LondonWelshFlagYou have said that the RFU aren’t ‘very sharp’ in the way they proceed over cases like this. Do you think there needs to be a change in assessing situations like this at the highest level?

I think to a degree. With this case, we always say ‘great things in hindsight.’ My criticism comes from where the club has been judged. It should be judged by the RFU standards but we should all realise how extraordinary this case is, to the point where both the RFU and the club were deceived. Honestly, I do not think there is a club in the land that is guarding itself from fraud and administration issues from a rogue employee. It is just such a bizarre case.
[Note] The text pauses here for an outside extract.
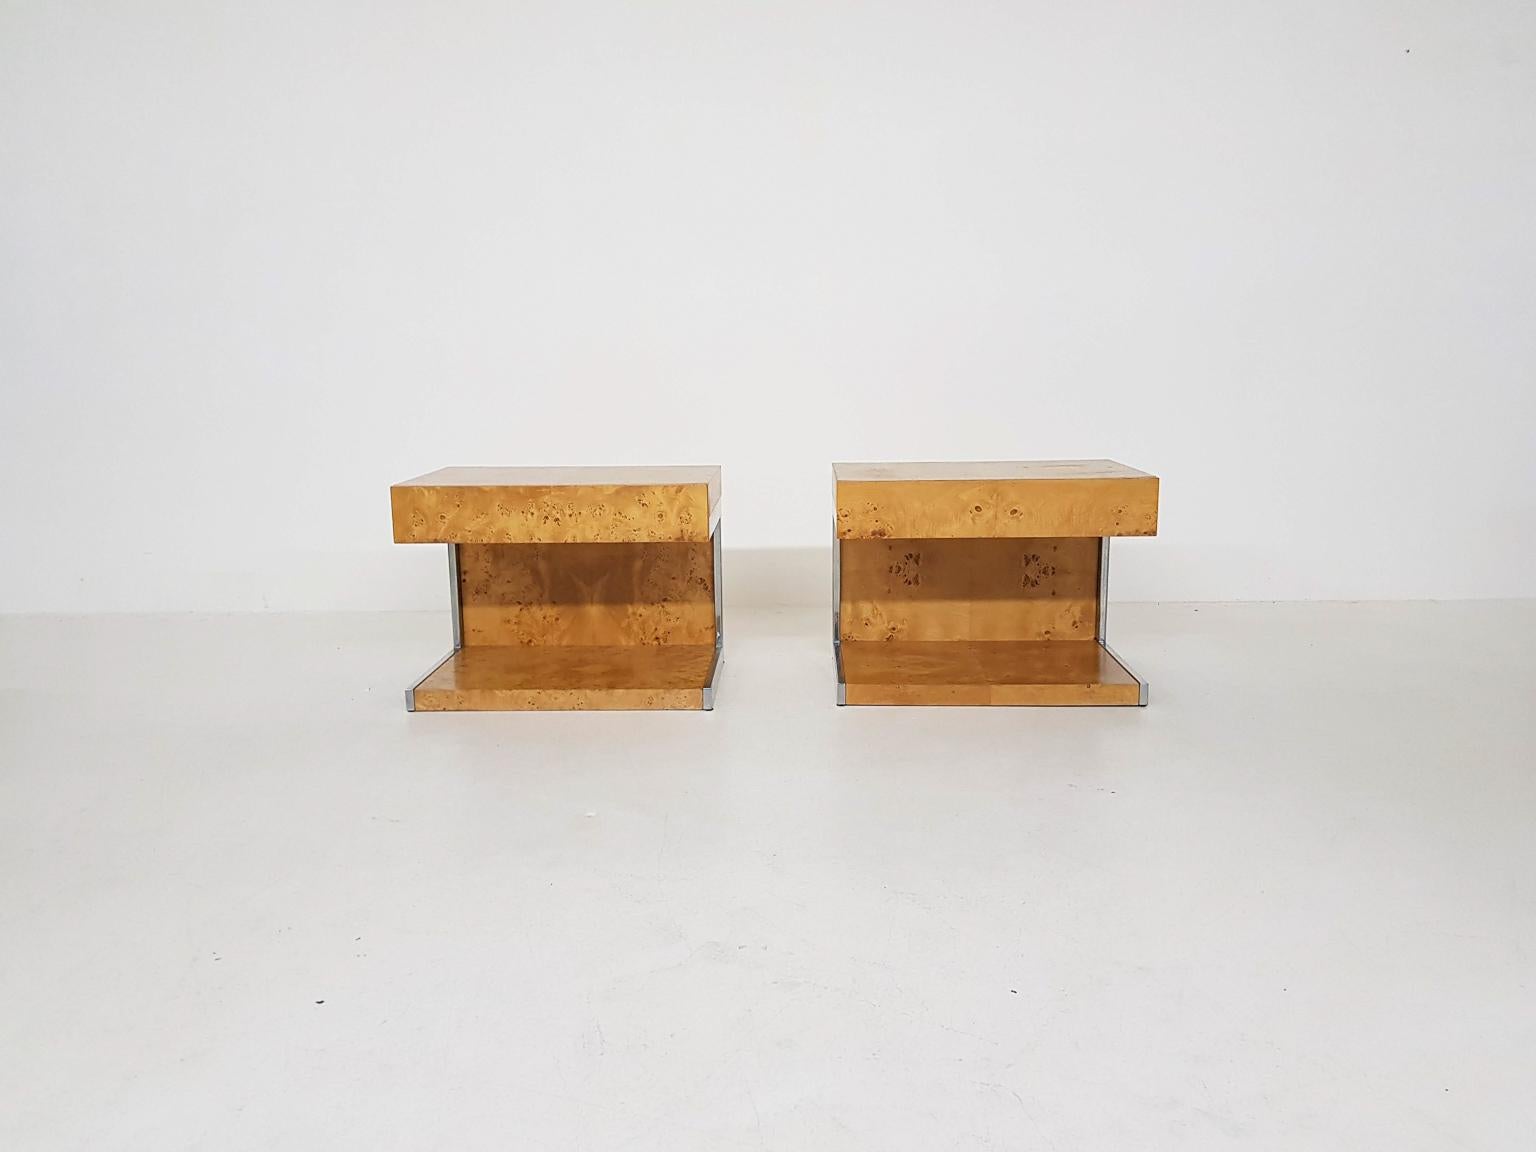 Pair of nice burl wood night stands with chromed details. We think it is a design by Milo Baughman for Thayer Coggin. These tables were received from the Hilton hotel where they were used in a luxury suite. The stands are stamped with the number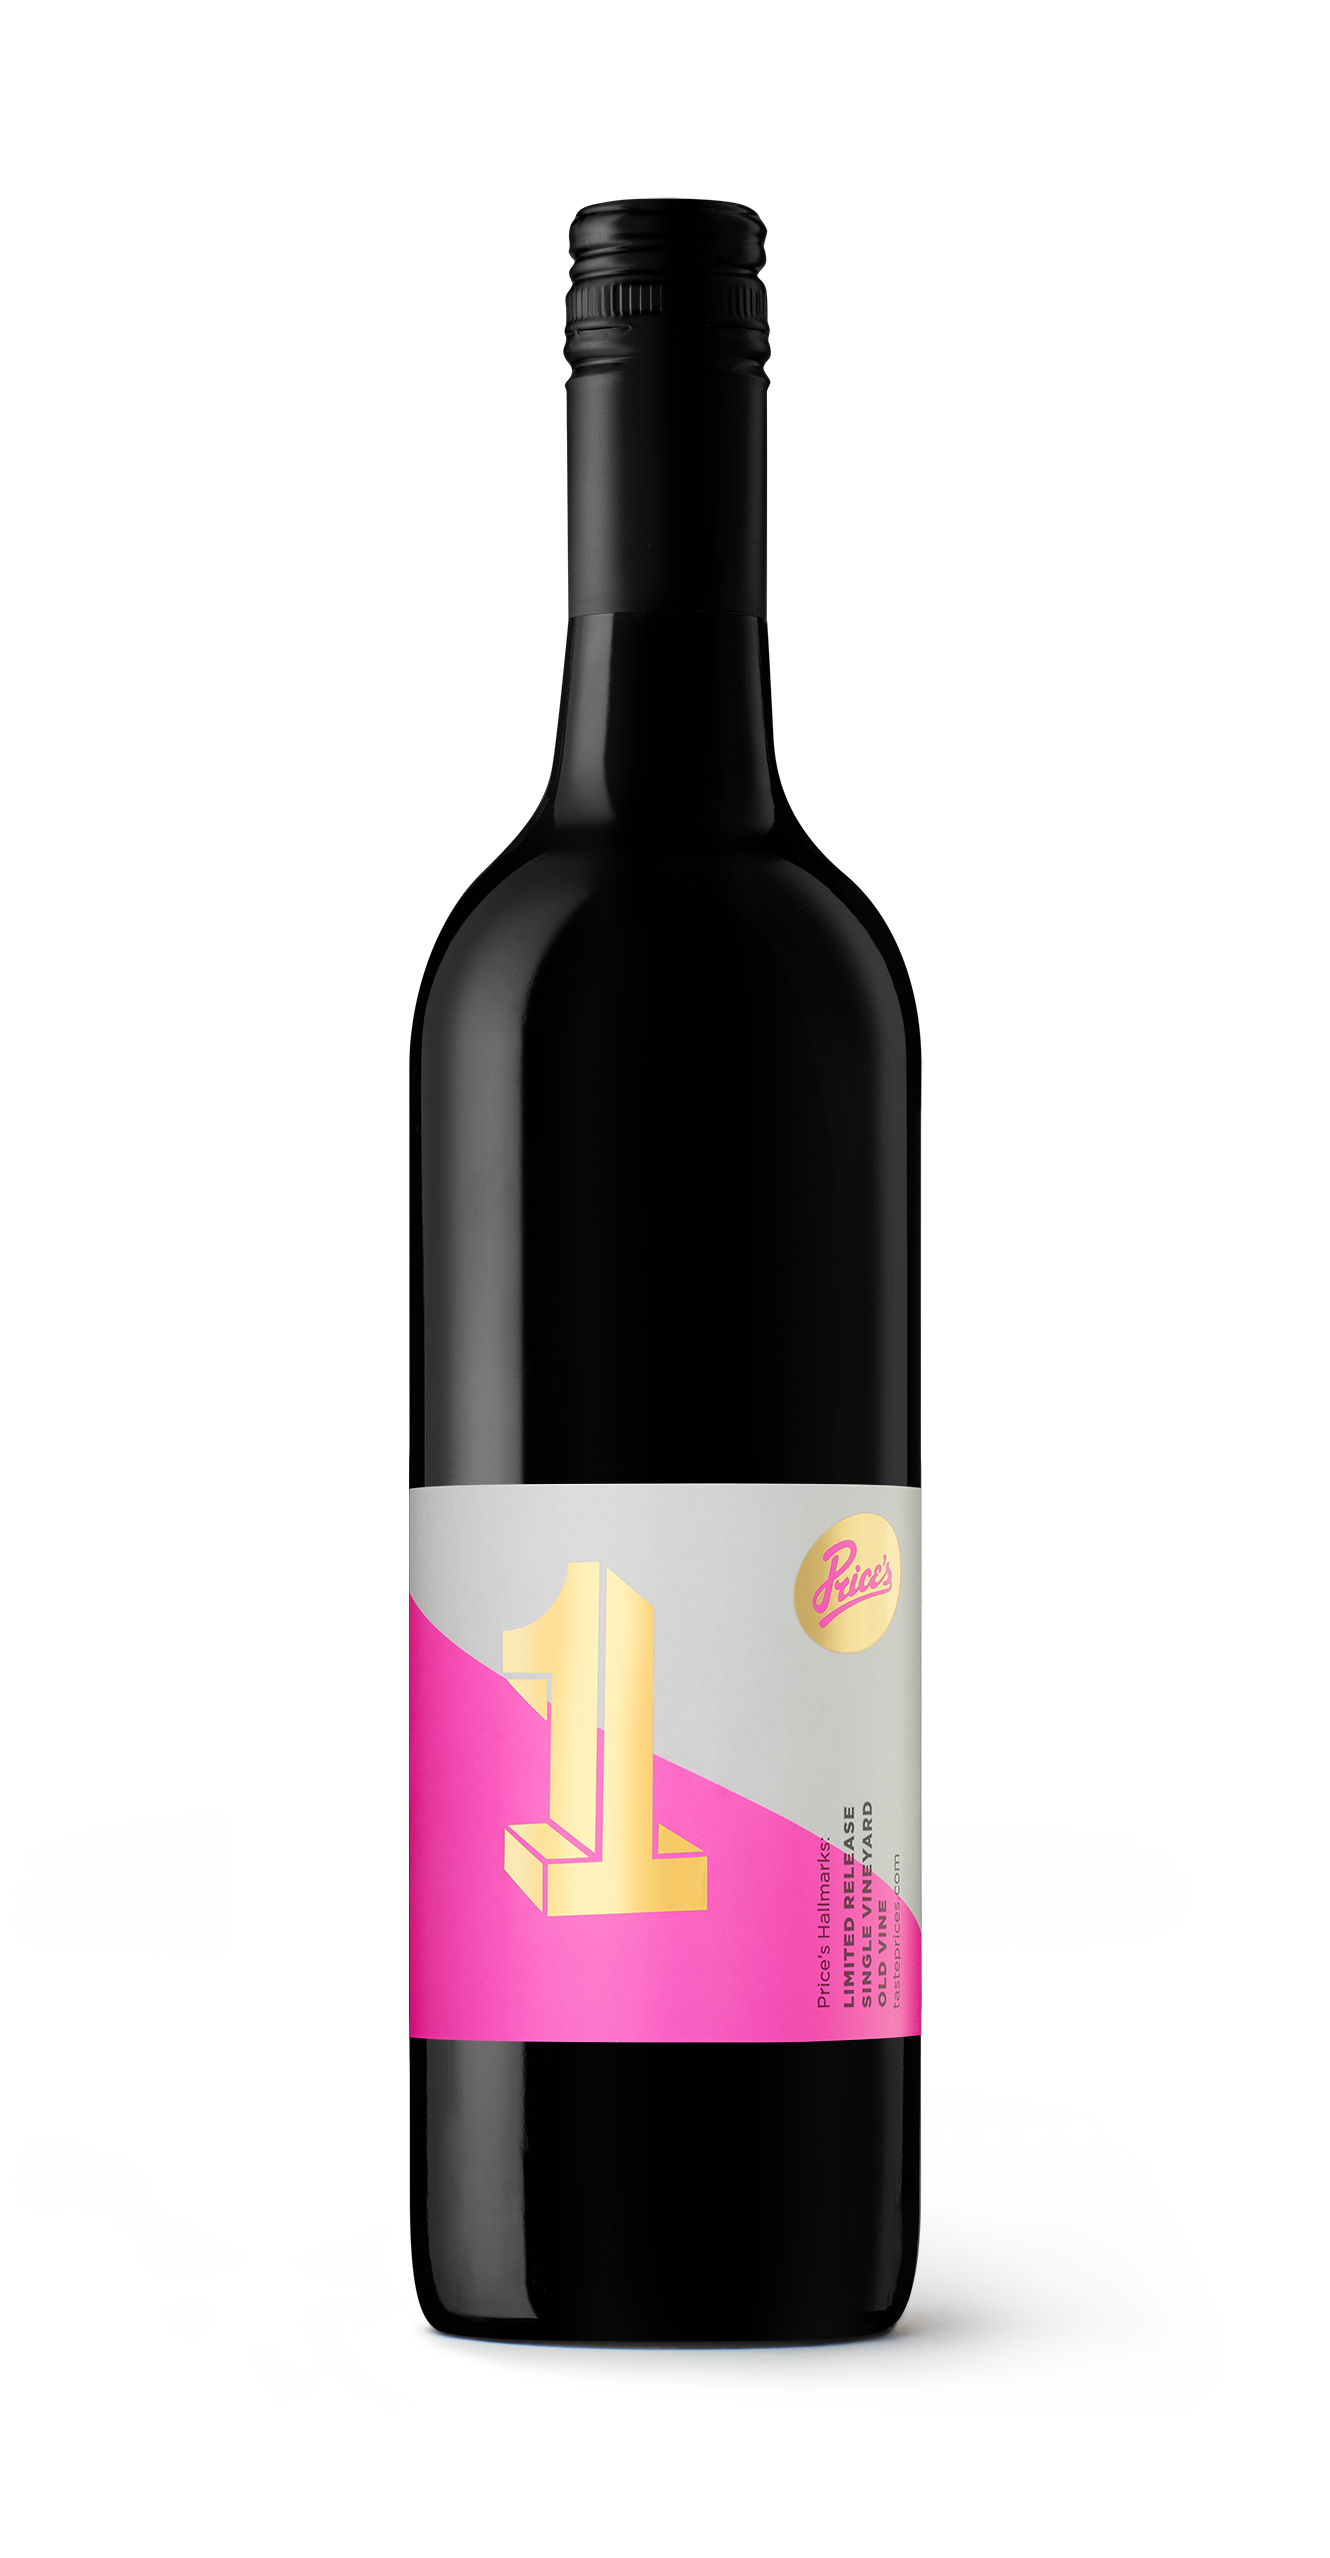 This bottle of Malbec is from McLaren Vale. Block 1 is a medium to full-bodied wine produced from old vines. It has a striking label and is of excellent quality from Price's Wines.

You have just mentioned it and it is no secret that it was one member of staff who made this happen, but do you think there was more London Welsh could have done as a club and have you changed your procedures to make sure this doesn’t happen again?

Well we have already made changes and hindsight will obviously tell you, you should do x, y and z. But the measures we have now put in place are really bolt and braces type measures, which I don’t think before this case, anyone would have been expected to do or are considered all that reasonable.

The point deduction obviously does not help London Welsh in your bid to stay up. How important, financially and commercially is it for the club to stay in the Premiership?

It is crucial really for the club’s ambitions to stay in the Premiership and at the Kassam Stadium in Oxford.  It attracts new investment which it desperately needs to do and push on. Without premiership status, that leaves a much bigger uphill struggle to gain that investment.

So if you are to be relegated, what steps would you need to take to bring yourself back up?

Well again it is all about investment and it always has been, pure and simple. Short term, it is about the desire of the current board of investors to supply more money, or to attract new investment. I would have thought, really for the club, it is about attracting new investment, but as I said that will be harder if we are not in the Premiership.

When the club was promoted, there were other problems with the RFU, because they deemed the stadium to be inappropriate. You battled this decision and won, but how do these episodes affect your club’s relationship with the RFU?

It is a love, hate relationship (laughs). No, there is a mutual respect between us and the RFU. I think the case last year was obviously very well publicised and it was difficult. But we have all moved on from that, the sport moves on and we as organisations have to move on. That is the way it happens. I really do not think there are any hard feelings. But the effect it has on the business is incredible.  There’s the time, the financial side of things and the resources.  These kinds of cases put a huge strain on the resources of the club and they can really take away from the day to day business.